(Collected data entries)
= = = = = = =

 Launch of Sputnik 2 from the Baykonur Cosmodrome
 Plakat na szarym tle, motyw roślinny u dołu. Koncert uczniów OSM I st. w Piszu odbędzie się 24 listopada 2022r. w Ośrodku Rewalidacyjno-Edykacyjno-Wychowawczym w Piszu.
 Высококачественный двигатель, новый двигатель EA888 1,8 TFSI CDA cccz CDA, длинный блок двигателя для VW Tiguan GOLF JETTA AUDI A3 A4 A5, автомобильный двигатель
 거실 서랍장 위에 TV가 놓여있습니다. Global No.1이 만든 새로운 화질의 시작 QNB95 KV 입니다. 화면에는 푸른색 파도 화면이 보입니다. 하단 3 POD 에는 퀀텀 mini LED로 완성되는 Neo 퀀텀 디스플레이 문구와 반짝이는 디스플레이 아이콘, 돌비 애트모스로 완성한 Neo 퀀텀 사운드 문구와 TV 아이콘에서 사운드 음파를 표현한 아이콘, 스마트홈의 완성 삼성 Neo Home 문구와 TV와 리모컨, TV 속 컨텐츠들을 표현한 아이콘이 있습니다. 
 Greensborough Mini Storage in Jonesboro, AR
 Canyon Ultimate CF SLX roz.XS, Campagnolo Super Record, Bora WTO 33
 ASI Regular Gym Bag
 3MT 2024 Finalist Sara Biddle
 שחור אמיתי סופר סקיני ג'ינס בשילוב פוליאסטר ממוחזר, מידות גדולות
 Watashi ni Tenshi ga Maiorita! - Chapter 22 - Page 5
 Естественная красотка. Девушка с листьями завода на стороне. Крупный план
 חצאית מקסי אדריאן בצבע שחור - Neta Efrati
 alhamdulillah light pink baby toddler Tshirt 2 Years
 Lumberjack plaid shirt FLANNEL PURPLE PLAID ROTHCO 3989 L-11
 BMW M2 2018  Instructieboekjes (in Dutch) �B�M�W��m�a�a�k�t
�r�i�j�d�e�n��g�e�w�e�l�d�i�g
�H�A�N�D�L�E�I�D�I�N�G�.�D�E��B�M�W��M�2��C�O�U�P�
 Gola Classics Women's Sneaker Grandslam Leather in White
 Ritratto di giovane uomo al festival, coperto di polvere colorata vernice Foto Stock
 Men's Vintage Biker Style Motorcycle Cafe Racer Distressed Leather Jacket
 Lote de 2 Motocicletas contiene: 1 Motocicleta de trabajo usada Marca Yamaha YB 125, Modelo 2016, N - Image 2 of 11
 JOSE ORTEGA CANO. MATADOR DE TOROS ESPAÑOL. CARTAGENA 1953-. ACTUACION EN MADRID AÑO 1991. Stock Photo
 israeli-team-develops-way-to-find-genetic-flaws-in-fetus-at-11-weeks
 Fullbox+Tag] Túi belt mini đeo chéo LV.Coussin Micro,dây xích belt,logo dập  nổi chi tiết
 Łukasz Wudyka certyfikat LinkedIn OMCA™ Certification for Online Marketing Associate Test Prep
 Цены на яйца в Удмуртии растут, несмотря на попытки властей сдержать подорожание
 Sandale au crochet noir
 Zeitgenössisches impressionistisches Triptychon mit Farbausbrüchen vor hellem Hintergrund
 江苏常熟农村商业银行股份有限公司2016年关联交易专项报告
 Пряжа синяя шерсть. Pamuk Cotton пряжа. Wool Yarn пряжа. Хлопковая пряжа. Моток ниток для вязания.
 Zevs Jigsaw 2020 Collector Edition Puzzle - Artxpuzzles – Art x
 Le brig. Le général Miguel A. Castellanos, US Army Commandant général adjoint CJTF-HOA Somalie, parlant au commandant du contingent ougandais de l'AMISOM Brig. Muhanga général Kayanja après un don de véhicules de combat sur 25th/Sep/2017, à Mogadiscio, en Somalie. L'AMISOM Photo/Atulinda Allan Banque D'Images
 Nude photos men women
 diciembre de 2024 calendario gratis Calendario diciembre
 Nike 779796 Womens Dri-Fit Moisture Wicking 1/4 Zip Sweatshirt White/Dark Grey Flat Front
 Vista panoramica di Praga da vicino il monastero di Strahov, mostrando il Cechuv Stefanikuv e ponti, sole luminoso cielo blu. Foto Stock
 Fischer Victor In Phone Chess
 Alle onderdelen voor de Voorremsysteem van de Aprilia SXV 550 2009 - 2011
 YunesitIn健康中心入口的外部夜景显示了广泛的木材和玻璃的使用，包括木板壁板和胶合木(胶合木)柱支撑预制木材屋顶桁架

= = = = = = =

YOUR GOAL
For the word "Foto", work out how many lines of the entries contain it, and state the number alone.

YOUR SOLUTION
2